Another woman claimed the father of her 6-year-old daughter is the same Keith Bosch, who is alleged to be the father of the unborn child and two other young daughters -- all by different mothers.

Bosch, 31, of Lancaster, died Dec. 27 of third-degree burns he suffered in an electrical explosion Dec. 7.

Attorney John F. Maxwell, who represents the mothers of the two young girls, has said that he would be seeking a "substantial claim . . . for the wrongful death" of Bosch, who was not married to any of the women.

"And who are you?" Erie County Surrogate Joseph S. Mattina asked the stranger who stood in the midst of attorneys ready to argue the rights of the unborn child.

"I am James A. August representing my client, who now feels that Bosch is the father of her daughter and has petitioned Family Court to reopen the paternity proceedings regarding the person she initially named as the father of her daughter."

August said his client "had a history of an extensive relationship with Bosch . . . Because he was abusive to her -- there was even an order of protection -- my client was afraid of Bosch and so she did not name him the father of her child.

August said he also will ask for DNA tests to verify paternity using some of the tissue and blood samples from Bosch that have been preserved to establish paternity of the child expected to be born in June.

Attorneys representing the first two daughters and the unborn child expected to present arguments Friday for and against the ppointment of Bosch's father, Roger Bosch, as administrator of his son's estate and the mothers of his two daughters as co-administrators and guardians of their daughters.

Robert Boreanaz, attorney for the mother of the unborn child, has asked the court to also appoint her as both guardian of her unborn child and a co-administrator.

Mattina has noted that in the Roe vs.

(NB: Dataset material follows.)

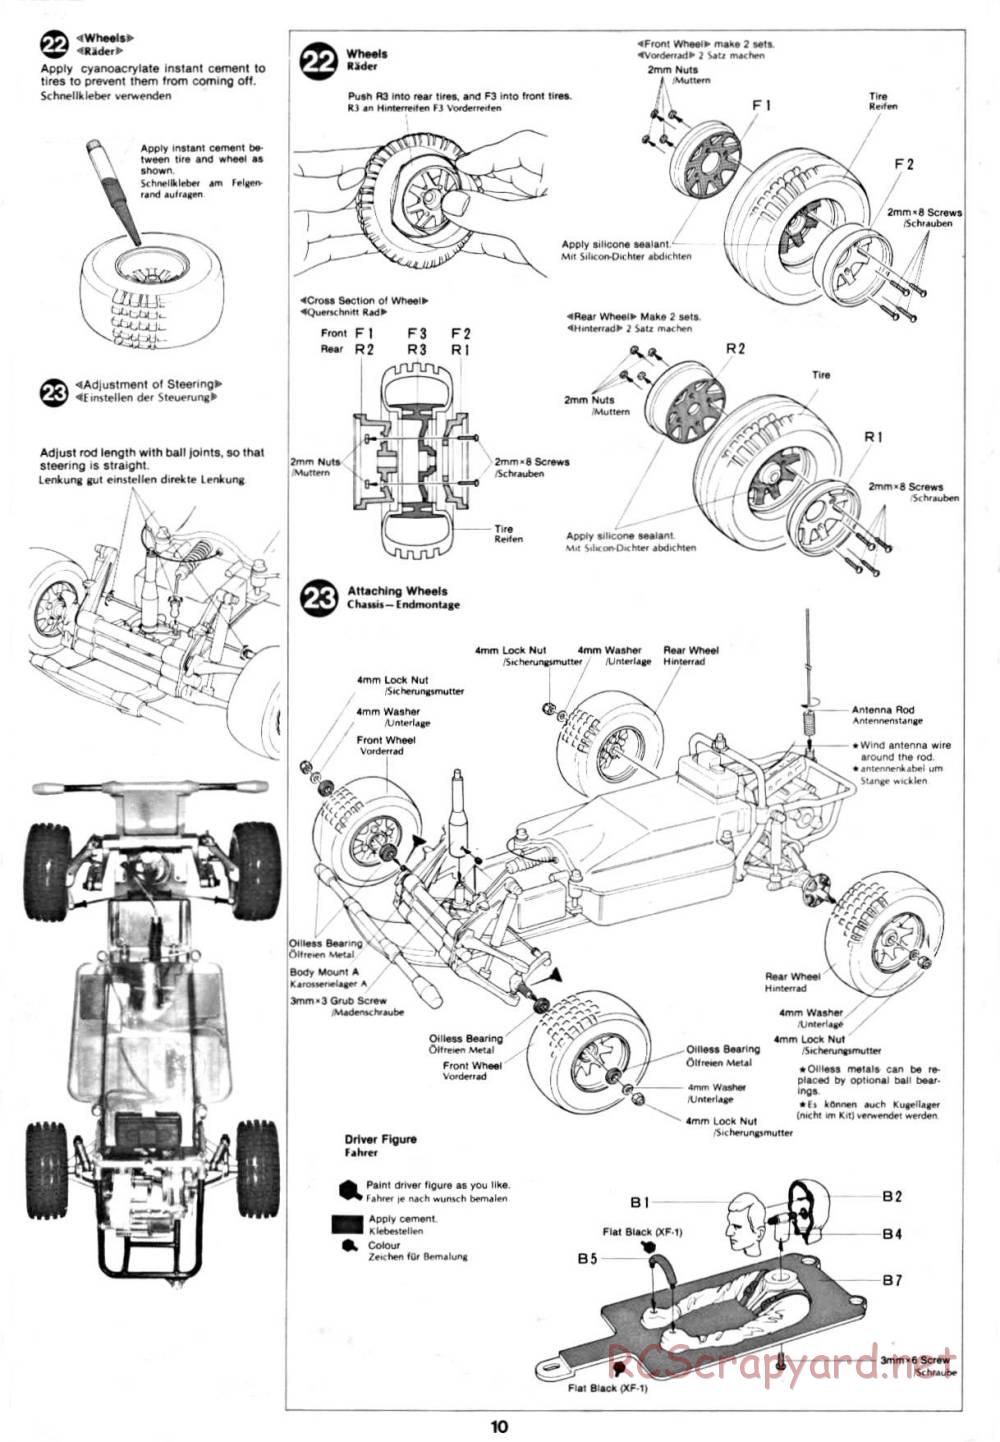 Tamiya - Ford F-150 Ranger XLT - 58027 - Manual - Page 10

Wade decision, the Supreme Court ruled that "a fetus is not a person . . . (and) does not have a legal personality or identity until it sees the light of day."

Boreanaz's plan to offer motions to protect the rights of the unborn child will have to wait until Feb. 14 when Mattina has scheduled a pre-trial hearing.

Attorneys for the two girls were unsuccessful in persuading Mattina to immediately name an administrator so a civil suit can begin "for the wrongful death" of Bosch.

Bosch, who worked for Ferguson Electric Construction Co., was installing transformers at ITT Standard on Standard Parkway in Cheektowaga when the Dec. 7 explosion occurred.